*INSTRUCTIONS FOR THE TASK:*
Exercise in exact copying: restate word for word only the lines below from the one containing "Scottish women." through the one containing "Strafgesetzbuch (StGB) der", omitting any pictures.

*EXTRACTED ENTRIES:*
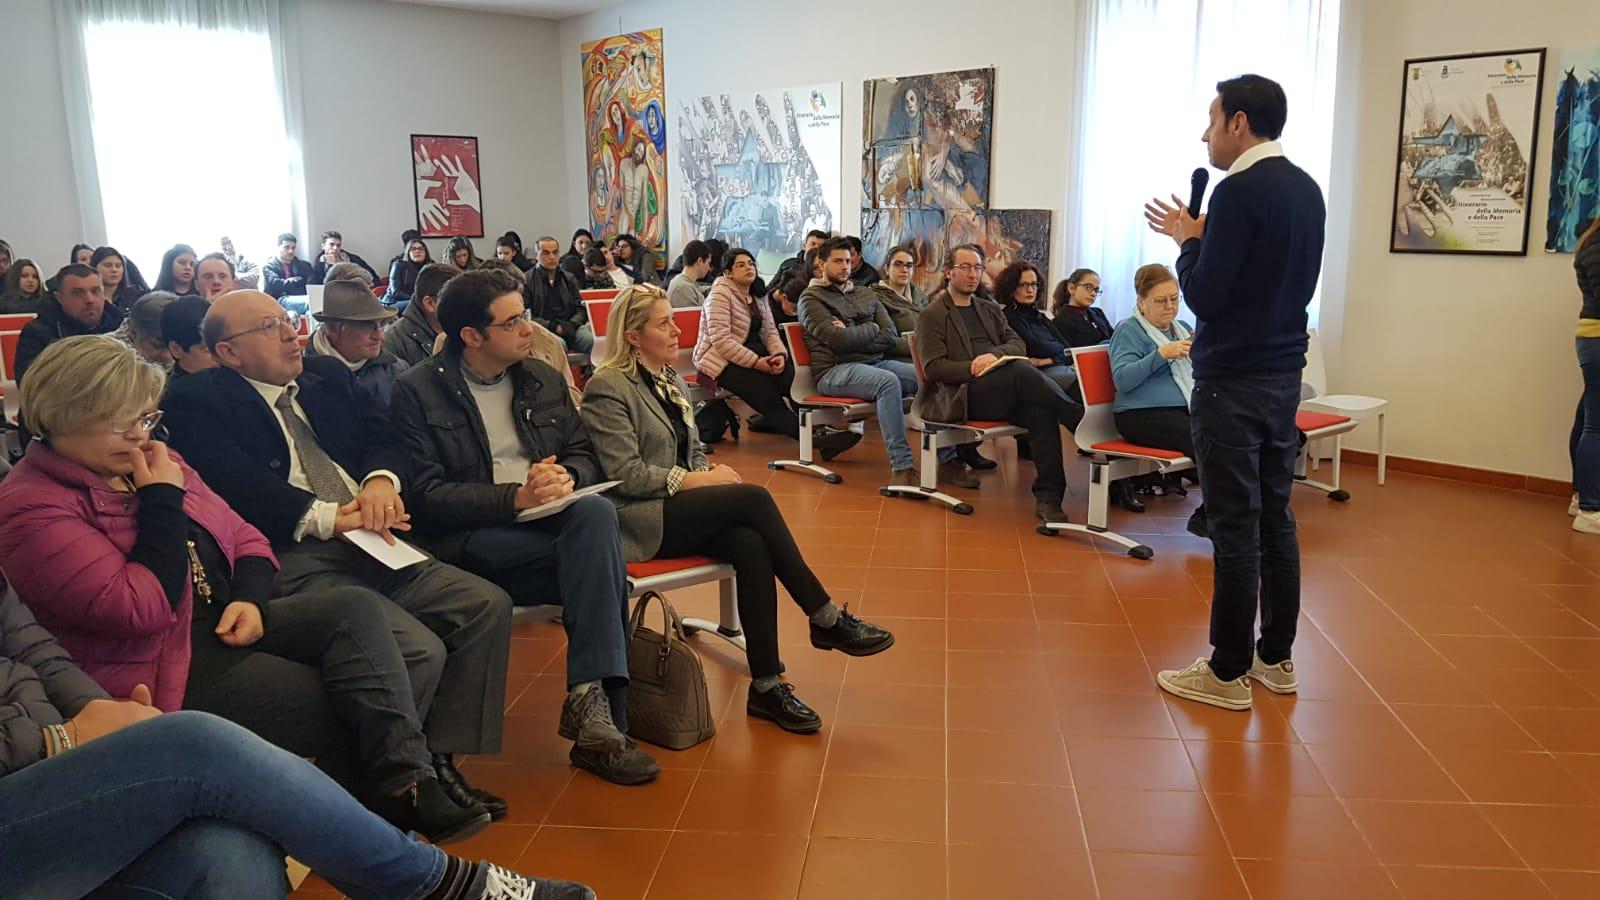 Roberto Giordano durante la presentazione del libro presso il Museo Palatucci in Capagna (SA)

---

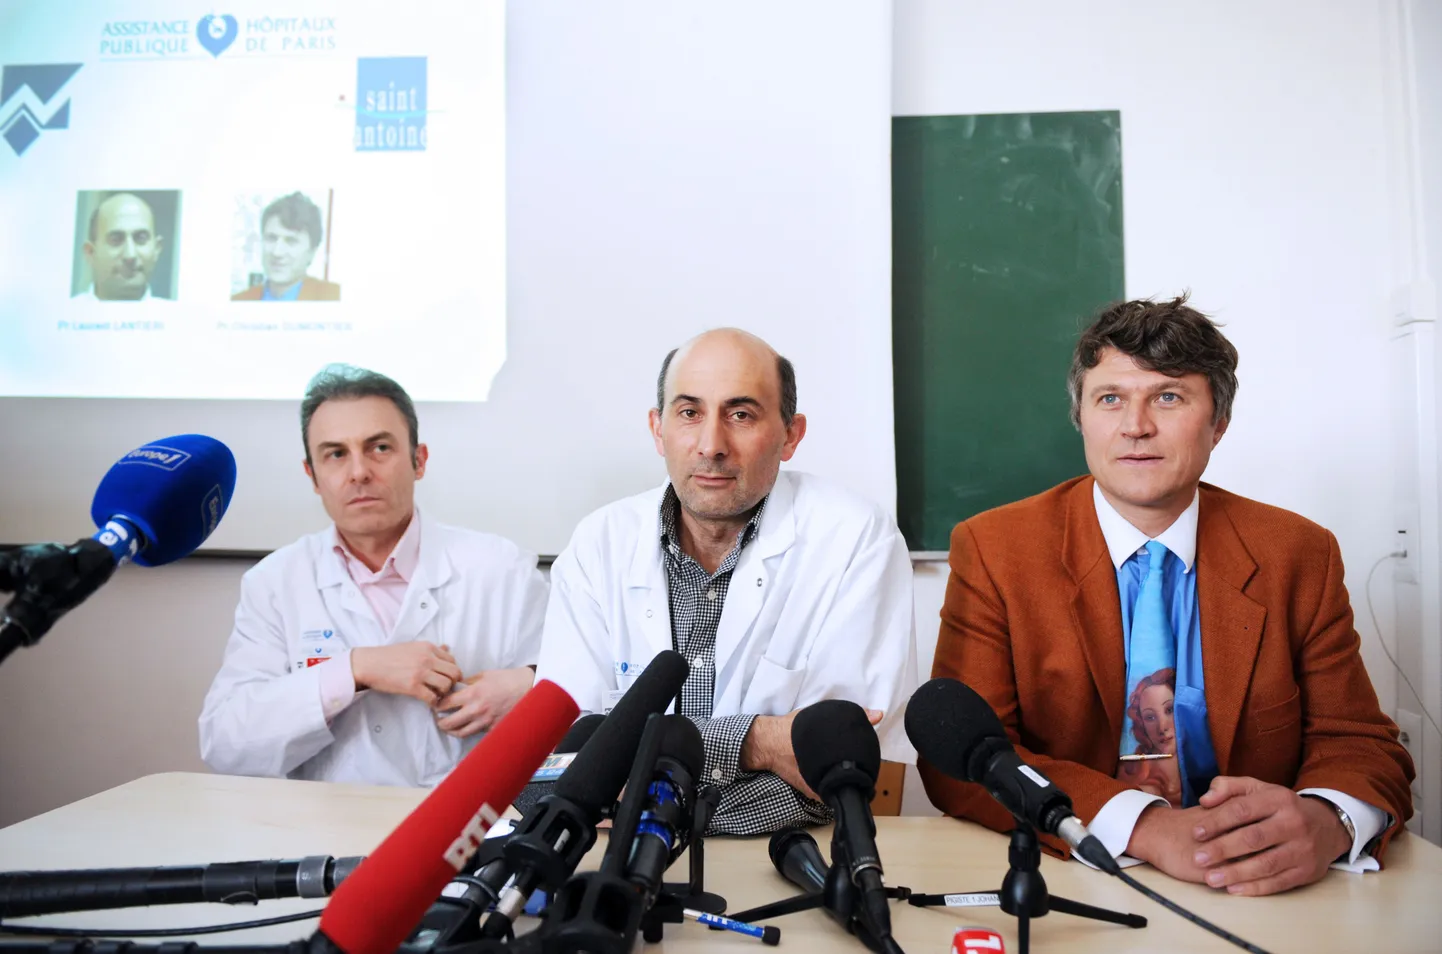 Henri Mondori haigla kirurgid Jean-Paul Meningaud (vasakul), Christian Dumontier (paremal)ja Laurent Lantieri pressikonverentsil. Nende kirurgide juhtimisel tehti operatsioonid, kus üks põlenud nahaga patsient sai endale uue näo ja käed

...

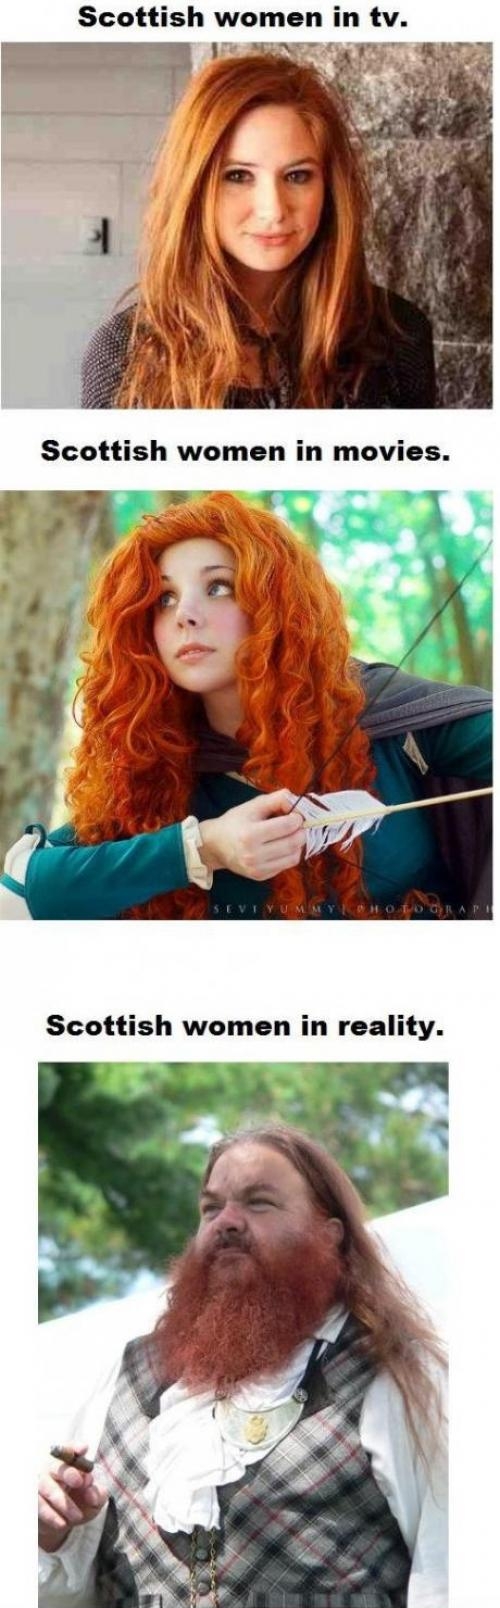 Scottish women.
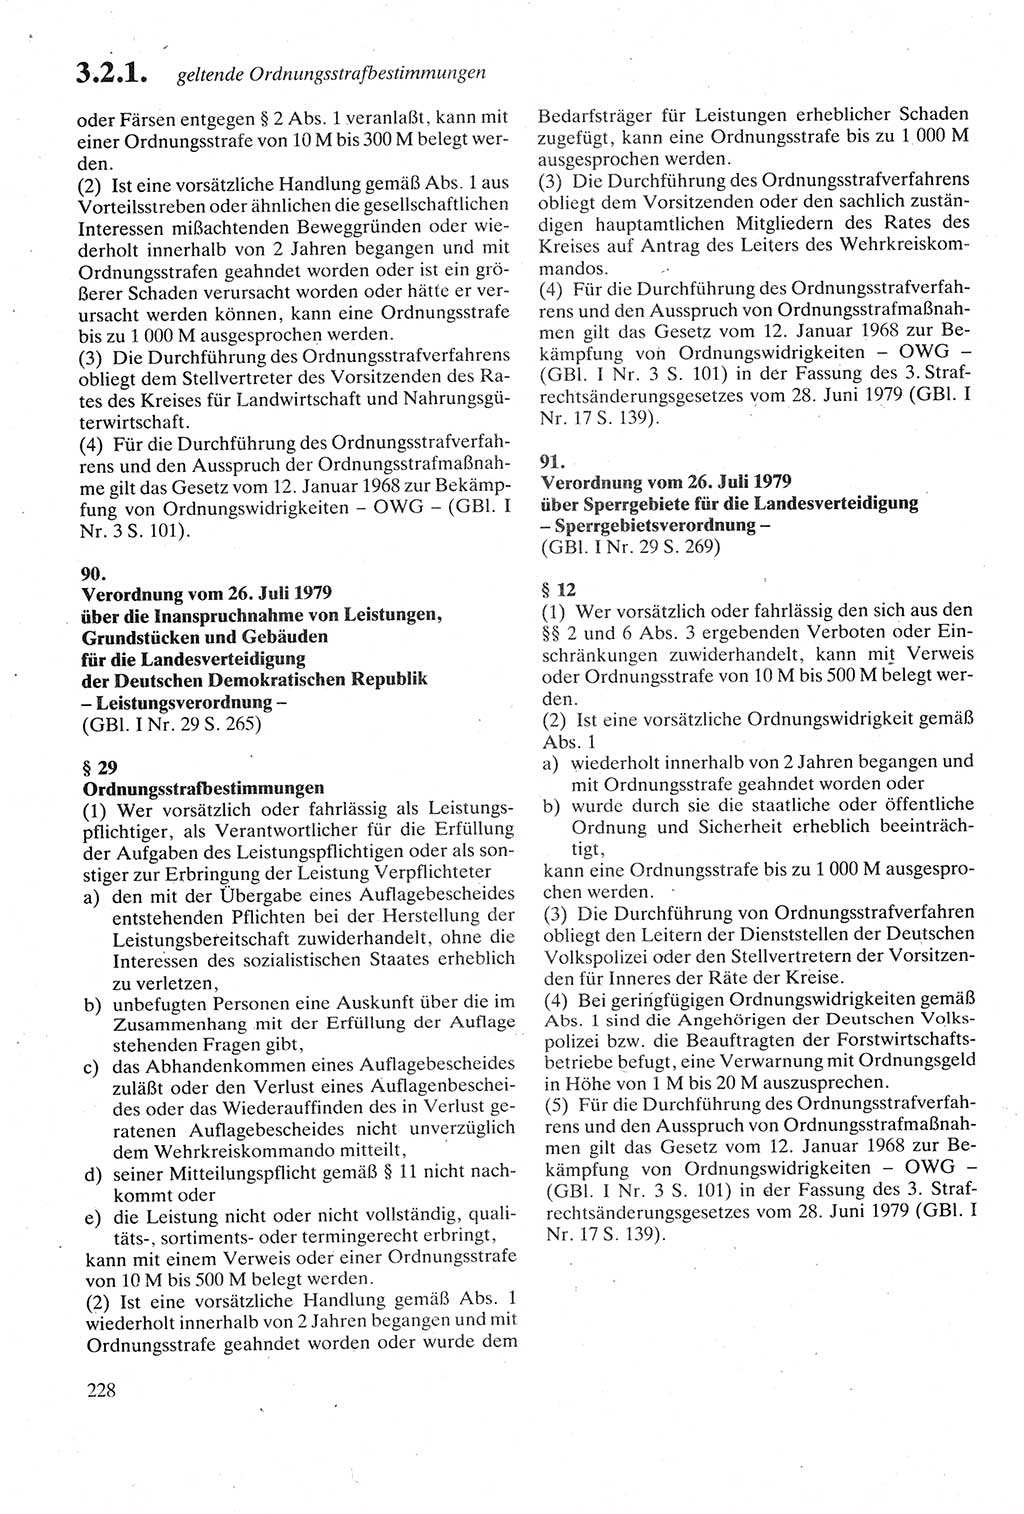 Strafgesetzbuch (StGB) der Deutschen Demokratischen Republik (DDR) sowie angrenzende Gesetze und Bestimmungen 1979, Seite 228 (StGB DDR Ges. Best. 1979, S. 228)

*TASK RESPONSE:*
 Scottish women.
 Strafgesetzbuch (StGB) der Deutschen Demokratischen Republik (DDR) sowie angrenzende Gesetze und Bestimmungen 1979, Seite 228 (StGB DDR Ges. Best. 1979, S. 228)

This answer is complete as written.